How to Handle Business-Related Ordinary Gains on Your Tax Return
Making money is a good thing. Losing money is not, particularly when you're self-employed. But, of course, things are never that simple or black and white when it comes to tax law.
All gains and losses are not created equally for tax purposes. They're classified as either "ordinary" or "capital" gains or losses. Gains and losses that are realized in the course of doing business and the sale of noncapital assets are typically ordinary. Those that result from selling or exchanging a capital asset are generally capital gains and capital losses. It can admittedly be confusing because different rules apply to each.
What Are Noncapital and Capital Assets?
According to the Internal Revenue Service, noncapital assets include:
- Inventory and other property intended for sale to customers
- Supplies necessary to conduct your business
- Accounts receivable acquired in the ordinary cost of doing business
- Depreciable property
- Real property used as a rental property
- Copyrights; intellectual property; and musical, literary, or artistic compositions
- Some commodities derivative financial instruments held by a commodities derivatives dealer
- Some hedging transactions
As a general rule, anything you own for personal use or investment, such as stocks and bonds, is a capital asset. The sale of an otherwise capital asset can be treated as an ordinary gain or loss if the exchange is made to a related person, such as between the executor and the beneficiary of an estate or between you personally and your business entity.

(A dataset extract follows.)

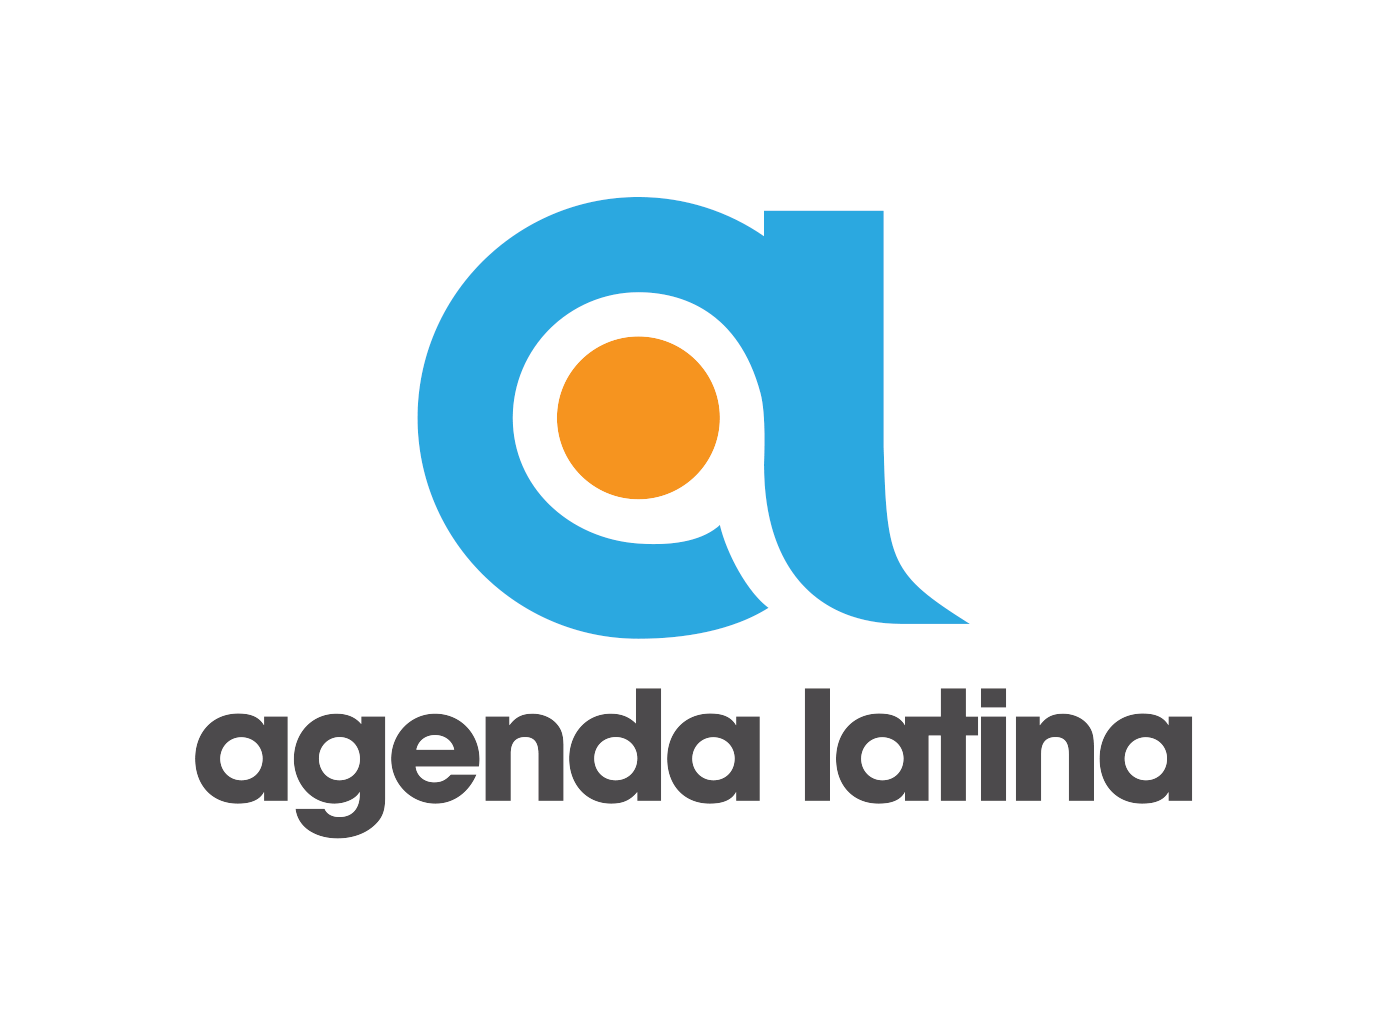 agenda latina logo

Offsetting Ordinary and Capital Gains and Losses
Ordinary losses are generally considered to be better than capital losses because they can be used to offset your other sources of income. Capital losses are more limited. They can only be used to offset capital gains, and they're subject to a $3,000 cap per year as a tax deduction.

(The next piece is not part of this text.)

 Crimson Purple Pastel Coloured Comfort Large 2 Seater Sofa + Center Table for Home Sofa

Here's how it works. Let's say you have a capital gain of $5,000, and a capital loss of $15,000. You can net $5,000 of your loss against the gain; then you can take a $3,000 against your other income, leaving $7,000 that can't help you in any way in the current tax year. You would have to take that $7,000 over the next three years because of the $3,000 limit: $3,000 in year two, $3,000 in year three, and $1,000 in year four.
The Tax Rates for Ordinary and Capital Gains
But there's a flip side—the rate at which each type of gain is taxed.
Ordinary gains are taxed as ordinary income along with everything else you earn and according to your tax bracket for that particular year. Capital gains are either long-term or short-term, depending on how long they're held. Assets held for a year or less are considered short-term and they, too, are taxed as ordinary income according to your tax bracket.
But long-term gains, those resulting from assets owned for more than a year, are taxed at either 0, 15, or 20 percent for most taxpayers. That 20 percent rate is less than what many Americans can be expected to pay on ordinary income in 2018. A single taxpayer with income beginning at $38,701 will land in the 22 percent tax bracket in 2018, paying 22 percent more on ordinary gains as opposed to capital gains. The long-term capital gains tax rate is $0 for single taxpayers who earn up to $38,600.
From 4797 and Schedule D
Depending on whether your profit or loss was related to your business or was personal, you would use either IRS Form 4797 or Schedule D to report it. You must report any profit or loss from the sale of assets used in your trade or business using Form 4797. Don't worry; it comes with line-by-line instructions. Otherwise, for personal assets, you would use Schedule D, "Capital Gains and Losses."
If the same asset was used for both business and personal purposes, you must allocate any gain realized between Form 4797 and Schedule D. For example; you might use your home—which is depreciable—partly as a residence and partly as your office. If your office space takes up 10 percent of your home's total square footage, you would allocate 10 percent of your gain on Form 4797. The balance would be personal and would, therefore, be reported on Schedule D.
Gains on the sale of business assets that are not capital assets are ordinary gains and are taxed at ordinary income tax rates. These gains do not qualify for capital gains treatment.
When you've completed Form 4797, enter your resulting gain or loss on line 14 of Form 1040. Then attach Form 4797 to your tax return.
Tax laws can change frequently, and the above information may not reflect recent changes. Please consult with a tax professional for the most up-to-date advice before filing your tax return if you're dealing with ordinary vs. capital gains and are uncertain where you stand. The information contained in this article is not intended as tax advice, and it is not a substitute for tax advice.